- WHAT THE EXERCISE ASKS:
Copy every line of the data exactly, leaving nothing out.

BEGIN RECORDS PROVIDED

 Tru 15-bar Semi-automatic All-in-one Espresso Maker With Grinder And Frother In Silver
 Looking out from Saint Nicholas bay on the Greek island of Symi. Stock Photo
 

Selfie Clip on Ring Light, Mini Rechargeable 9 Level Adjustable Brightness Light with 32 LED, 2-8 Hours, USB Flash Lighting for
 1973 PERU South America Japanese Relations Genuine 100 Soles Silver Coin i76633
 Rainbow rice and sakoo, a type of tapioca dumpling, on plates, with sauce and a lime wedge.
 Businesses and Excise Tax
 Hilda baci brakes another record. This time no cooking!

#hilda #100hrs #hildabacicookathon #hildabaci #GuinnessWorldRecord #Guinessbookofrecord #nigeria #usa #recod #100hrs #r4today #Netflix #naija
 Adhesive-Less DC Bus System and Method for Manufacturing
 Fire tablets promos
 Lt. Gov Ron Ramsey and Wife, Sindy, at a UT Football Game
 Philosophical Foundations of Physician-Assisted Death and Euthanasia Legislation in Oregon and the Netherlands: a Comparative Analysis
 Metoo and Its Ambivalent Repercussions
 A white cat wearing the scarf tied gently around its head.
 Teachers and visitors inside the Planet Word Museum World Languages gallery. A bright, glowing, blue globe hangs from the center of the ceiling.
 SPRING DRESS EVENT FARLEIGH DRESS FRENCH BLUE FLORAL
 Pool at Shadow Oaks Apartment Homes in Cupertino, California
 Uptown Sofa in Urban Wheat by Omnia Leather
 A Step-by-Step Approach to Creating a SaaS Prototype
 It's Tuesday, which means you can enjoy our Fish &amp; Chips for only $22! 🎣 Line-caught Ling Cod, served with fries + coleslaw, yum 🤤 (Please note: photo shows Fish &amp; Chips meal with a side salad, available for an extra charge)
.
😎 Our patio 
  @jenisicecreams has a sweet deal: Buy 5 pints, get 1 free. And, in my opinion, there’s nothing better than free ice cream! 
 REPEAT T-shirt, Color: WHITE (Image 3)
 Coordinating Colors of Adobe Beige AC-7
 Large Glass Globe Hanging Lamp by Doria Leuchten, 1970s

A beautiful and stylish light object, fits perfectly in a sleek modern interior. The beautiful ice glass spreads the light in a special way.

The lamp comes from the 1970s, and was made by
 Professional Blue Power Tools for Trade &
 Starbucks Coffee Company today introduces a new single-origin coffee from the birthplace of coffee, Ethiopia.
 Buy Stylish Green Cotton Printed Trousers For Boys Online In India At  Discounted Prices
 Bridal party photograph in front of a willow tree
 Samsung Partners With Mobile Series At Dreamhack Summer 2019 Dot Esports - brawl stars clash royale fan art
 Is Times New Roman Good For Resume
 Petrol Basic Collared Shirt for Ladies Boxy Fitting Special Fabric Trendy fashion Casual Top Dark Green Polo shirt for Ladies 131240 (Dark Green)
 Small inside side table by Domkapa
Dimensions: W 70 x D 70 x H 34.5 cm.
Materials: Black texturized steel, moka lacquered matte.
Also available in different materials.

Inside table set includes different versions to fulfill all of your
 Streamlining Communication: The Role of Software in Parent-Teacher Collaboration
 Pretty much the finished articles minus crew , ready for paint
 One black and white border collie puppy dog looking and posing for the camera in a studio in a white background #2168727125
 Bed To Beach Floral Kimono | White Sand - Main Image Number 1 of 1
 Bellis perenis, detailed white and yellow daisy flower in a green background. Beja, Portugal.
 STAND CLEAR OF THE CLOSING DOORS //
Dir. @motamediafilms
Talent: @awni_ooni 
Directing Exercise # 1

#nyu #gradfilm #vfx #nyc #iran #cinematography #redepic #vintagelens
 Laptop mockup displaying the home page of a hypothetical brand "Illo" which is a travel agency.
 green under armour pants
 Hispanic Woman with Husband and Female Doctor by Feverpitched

END RECORDS PROVIDED

- ANSWER FOR THE TASK:
 Tru 15-bar Semi-automatic All-in-one Espresso Maker With Grinder And Frother In Silver
 Looking out from Saint Nicholas bay on the Greek island of Symi. Stock Photo
 

Selfie Clip on Ring Light, Mini Rechargeable 9 Level Adjustable Brightness Light with 32 LED, 2-8 Hours, USB Flash Lighting for
 1973 PERU South America Japanese Relations Genuine 100 Soles Silver Coin i76633
 Rainbow rice and sakoo, a type of tapioca dumpling, on plates, with sauce and a lime wedge.
 Businesses and Excise Tax
 Hilda baci brakes another record. This time no cooking!

#hilda #100hrs #hildabacicookathon #hildabaci #GuinnessWorldRecord #Guinessbookofrecord #nigeria #usa #recod #100hrs #r4today #Netflix #naija
 Adhesive-Less DC Bus System and Method for Manufacturing
 Fire tablets promos
 Lt. Gov Ron Ramsey and Wife, Sindy, at a UT Football Game
 Philosophical Foundations of Physician-Assisted Death and Euthanasia Legislation in Oregon and the Netherlands: a Comparative Analysis
 Metoo and Its Ambivalent Repercussions
 A white cat wearing the scarf tied gently around its head.
 Teachers and visitors inside the Planet Word Museum World Languages gallery. A bright, glowing, blue globe hangs from the center of the ceiling.
 SPRING DRESS EVENT FARLEIGH DRESS FRENCH BLUE FLORAL
 Pool at Shadow Oaks Apartment Homes in Cupertino, California
 Uptown Sofa in Urban Wheat by Omnia Leather
 A Step-by-Step Approach to Creating a SaaS Prototype
 It's Tuesday, which means you can enjoy our Fish &amp; Chips for only $22! 🎣 Line-caught Ling Cod, served with fries + coleslaw, yum 🤤 (Please note: photo shows Fish &amp; Chips meal with a side salad, available for an extra charge)
.
😎 Our patio 
  @jenisicecreams has a sweet deal: Buy 5 pints, get 1 free. And, in my opinion, there’s nothing better than free ice cream! 
 REPEAT T-shirt, Color: WHITE (Image 3)
 Coordinating Colors of Adobe Beige AC-7
 Large Glass Globe Hanging Lamp by Doria Leuchten, 1970s

A beautiful and stylish light object, fits perfectly in a sleek modern interior. The beautiful ice glass spreads the light in a special way.

The lamp comes from the 1970s, and was made by
 Professional Blue Power Tools for Trade &
 Starbucks Coffee Company today introduces a new single-origin coffee from the birthplace of coffee, Ethiopia.
 Buy Stylish Green Cotton Printed Trousers For Boys Online In India At  Discounted Prices
 Bridal party photograph in front of a willow tree
 Samsung Partners With Mobile Series At Dreamhack Summer 2019 Dot Esports - brawl stars clash royale fan art
 Is Times New Roman Good For Resume
 Petrol Basic Collared Shirt for Ladies Boxy Fitting Special Fabric Trendy fashion Casual Top Dark Green Polo shirt for Ladies 131240 (Dark Green)
 Small inside side table by Domkapa
Dimensions: W 70 x D 70 x H 34.5 cm.
Materials: Black texturized steel, moka lacquered matte.
Also available in different materials.

Inside table set includes different versions to fulfill all of your
 Streamlining Communication: The Role of Software in Parent-Teacher Collaboration
 Pretty much the finished articles minus crew , ready for paint
 One black and white border collie puppy dog looking and posing for the camera in a studio in a white background #2168727125
 Bed To Beach Floral Kimono | White Sand - Main Image Number 1 of 1
 Bellis perenis, detailed white and yellow daisy flower in a green background. Beja, Portugal.
 STAND CLEAR OF THE CLOSING DOORS //
Dir. @motamediafilms
Talent: @awni_ooni 
Directing Exercise # 1

#nyu #gradfilm #vfx #nyc #iran #cinematography #redepic #vintagelens
 Laptop mockup displaying the home page of a hypothetical brand "Illo" which is a travel agency.
 green under armour pants
 Hispanic Woman with Husband and Female Doctor by Feverpitched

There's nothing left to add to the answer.